Saint-Laurent suggère l’adoption de plaques de rue plus grandes

L’arrondissement de Saint-Laurent a installé en 2015 une plaque de rue bleue de grandes dimensions sur le boulevard Côte-Vertu.
Photo: Google Street View L’arrondissement de Saint-Laurent a installé en 2015 une plaque de rue bleue de grandes dimensions sur le boulevard Côte-Vertu.

Qui n’a pas un jour fulminé en tentant de déchiffrer les noms de rues à Montréal ? Les plaques blanches sont si discrètes qu’on les repère parfois seulement une fois rendu à l’intersection. La Ville de Montréal a lancé un chantier en 2013 afin de concevoir des plaques odonymiques plus facilement visibles, mais l’exercice n’est toujours pas terminé.

L’arrondissement de Saint-Laurent, qui a testé plusieurs types de plaques de rue, suggère que Montréal se dote de plaques de couleur bleue, plus grandes que celles utilisées actuellement.

Dans le cadre du plan d’action Métropole amie des aînés (MADA), la Ville de Montréal avait mis sur pied, en 2013, un projet-pilote afin de mettre à l’essai différents types de panneaux. Dans Hochelaga-Maisonneuve, par exemple, à l’angle des rues Sherbrooke et Cuvillier, cinq plaques de différentes tailles ont été installées : une rouge, une bleue, une grise et deux blanches.

Le bleu à Saint-Laurent

En 2015, l’arrondissement de Saint-Laurent a de son côté testé trois couleurs de panneaux : le bleu, le blanc et le gris. Ces plaques ont été installées sur des artères comme les boulevards Côte-Vertu, Marcel-Laurin et Thimens.

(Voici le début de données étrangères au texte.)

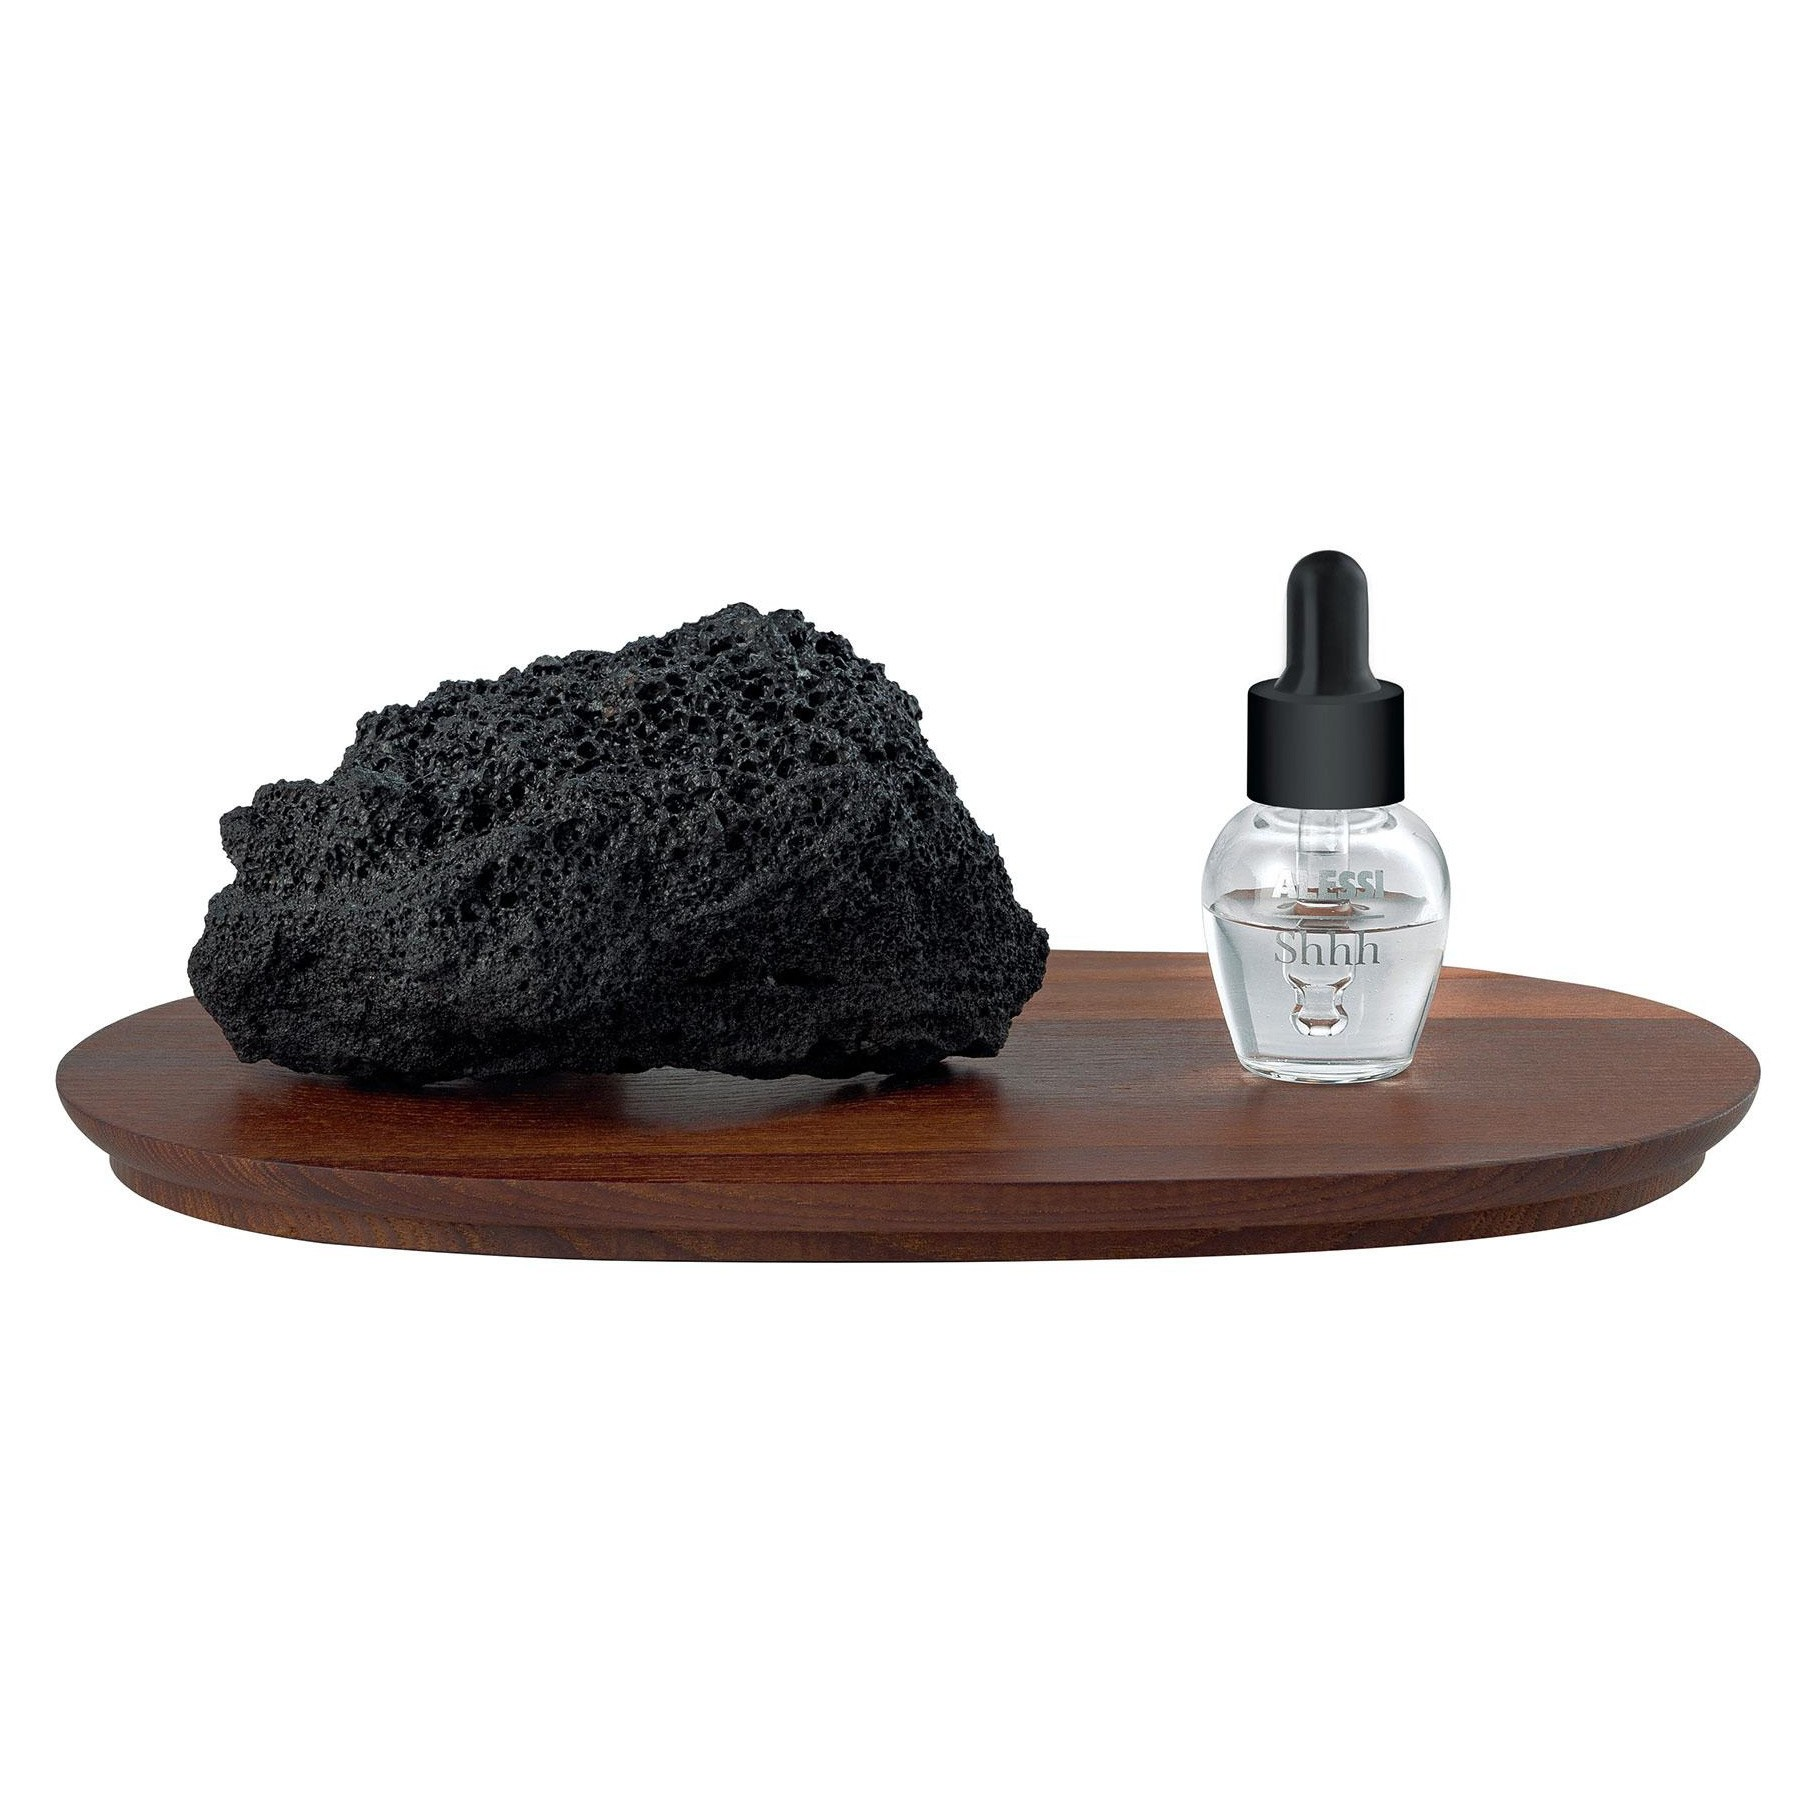 Alessi Shhh Fragrance Diffuser Made Of Lava Stone Ambientedirect

À la lumière des commentaires des citoyens, l’arrondissement a conclu que les plaques bleues avec un lettrage blanc d’une taille 41 % supérieure à celle des plaques standards étaient les plus appropriées, car elles sont plus faciles à voir de loin, contrastent davantage avec les éléments du mobilier urbain et sont plus réfléchissantes, particulièrement la nuit.

D’autres villes, comme Ottawa, Toronto et Los Angeles, utilisent ce type de plaques, note la Division des études techniques et de l’ingénierie de l’arrondissement.

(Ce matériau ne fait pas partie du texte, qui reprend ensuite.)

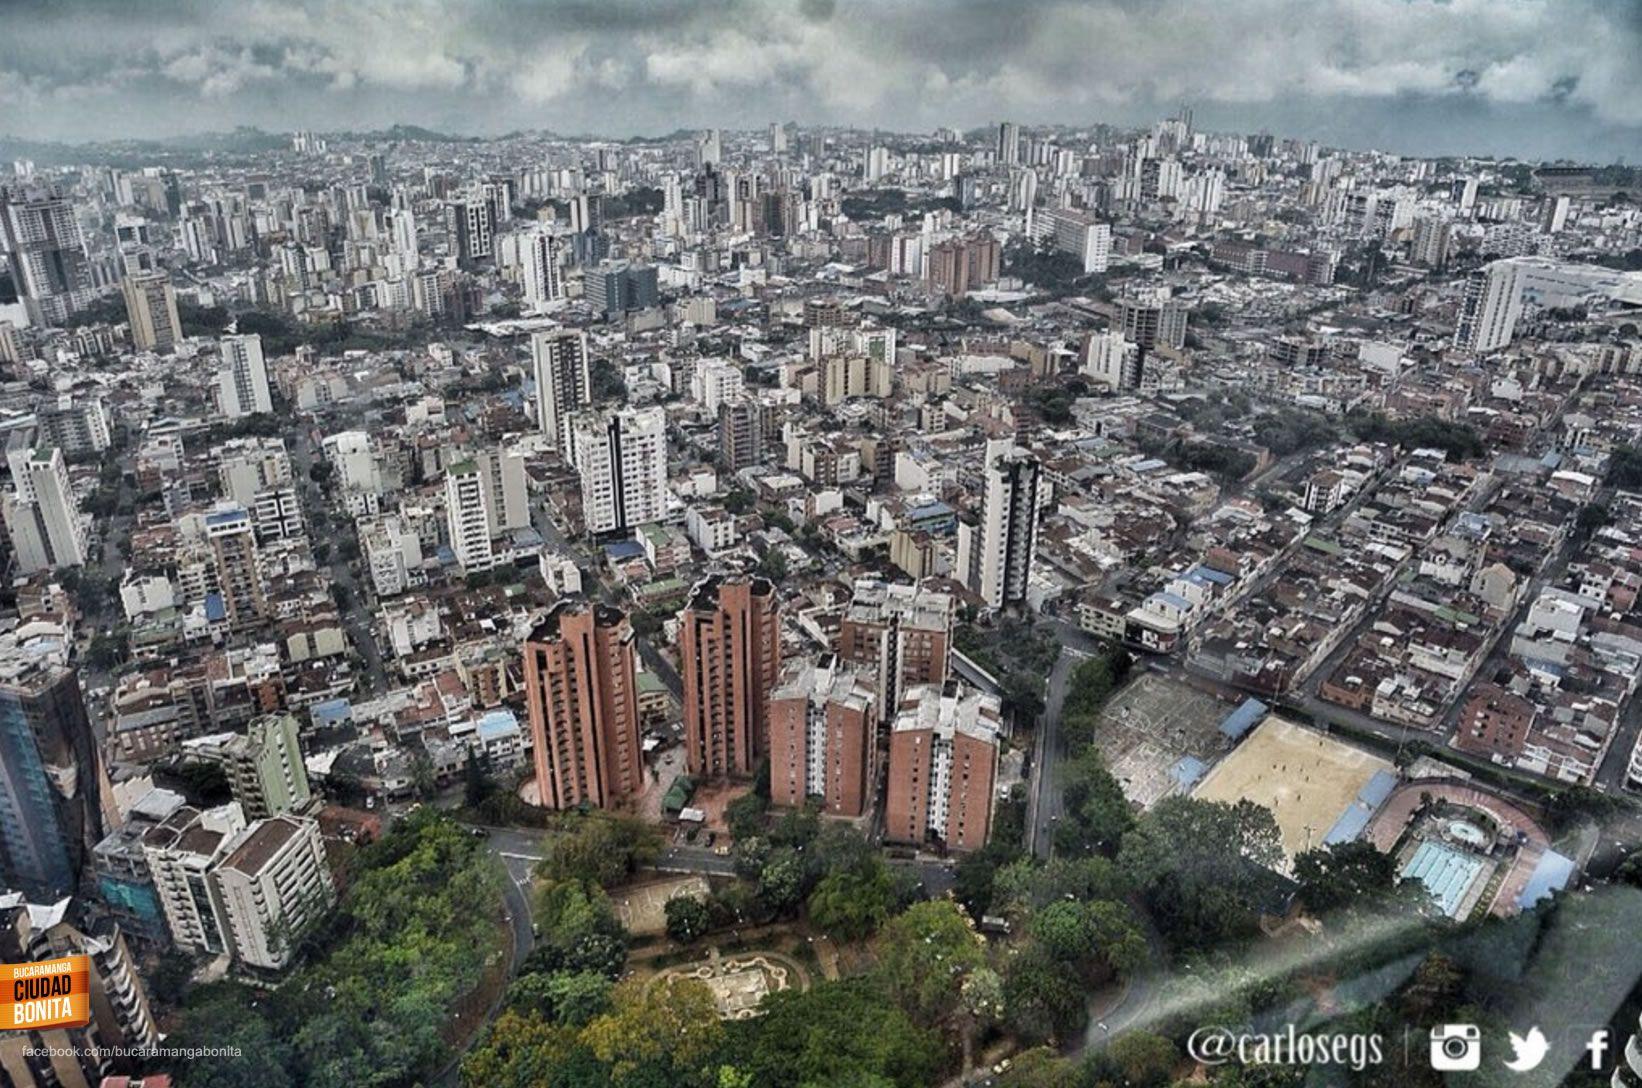 Bucaramanga, qué hermosa eres !!!! Gracias @carlosegs por la foto #bucaramangabonita

« Il fallait trouver un équilibre entre la pollution visuelle et la clarté et la visibilité requises pour des raisons de sécurité », explique le maire de Saint-Laurent, Alan DeSousa.

Les commentaires des citoyens ont été majoritairement positifs, dit-il, et certains ont même suggéré que, sur les grandes artères, des plaques avec les noms de rue soient installées à 100 mètres des intersections de manière à permettre d’anticiper les manoeuvres à faire.

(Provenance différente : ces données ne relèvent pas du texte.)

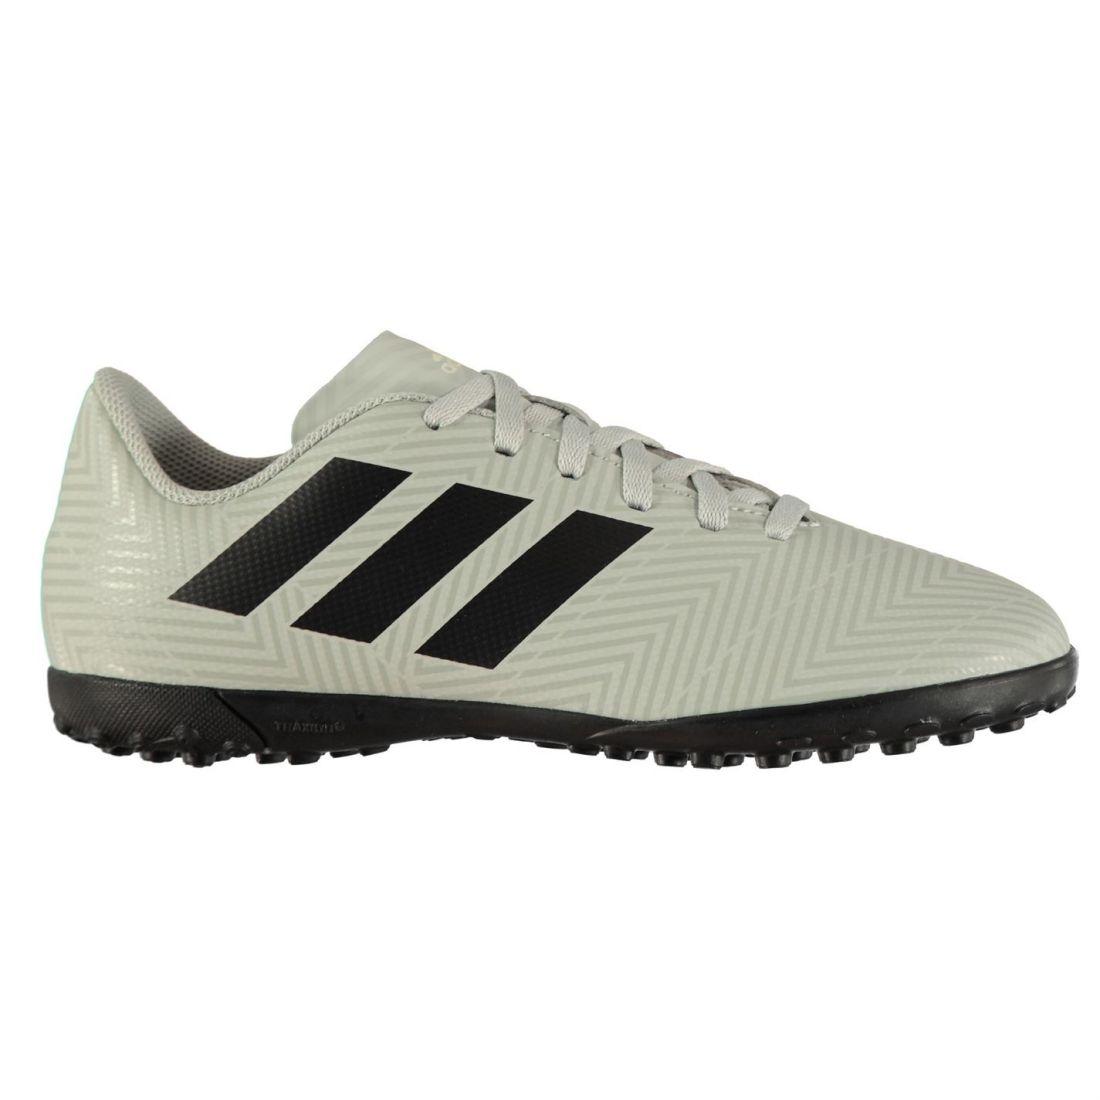 78468d73 Adidas Kids Boys Nemeziz Tango 18.4 Astro Turf Trainers Football Boots Lace  Up

« C’est un exemple de projet très simple qui peut améliorer la qualité de vie, pas seulement des aînés, mais de tout le monde concerné. Ça donne une substance à la notion de Métropole amie des aînés », souligne M. DeSousa.

Ces conclusions ont été transmises à la ville-centre, qui n’a toujours pas pris de décision à ce sujet.

Réflexion nécessaire

La refonte des plaques odonymiques à Montréal n’est pas un luxe, estime le président de la Société des designers graphiques du Québec, Benoit Giguère. « À l’heure actuelle, on est incapable de décoder le nom des rues. Les panneaux ne sont pas éclairés adéquatement. La grosseur des lettres ne convient pas et la position dans l’espace est incorrecte », résume-t-il.

Conduire sans GPS en tentant de repérer un nom de rue et en essayant d’éviter les piétons et les cyclistes peut relever de l’exploit. Mais selon lui, rares sont les villes qui ont des plaques odonymiques efficaces graphiquement. « Je pense que c’est universel : on dirait qu’on veut s’assurer que vous ne trouviez pas la bonne rue. »

Améliorer les plaques odonymiques ne se résume pas à une taille ou à une couleur, et Benoit Giguère espère que la Ville fera appel à des architectes, des designers et des urbanistes pour mener à bien son projet. D’ailleurs, c’est l’ensemble de la signalisation à Montréal qui devrait être revue, notamment autour des chantiers, fait-il remarquer.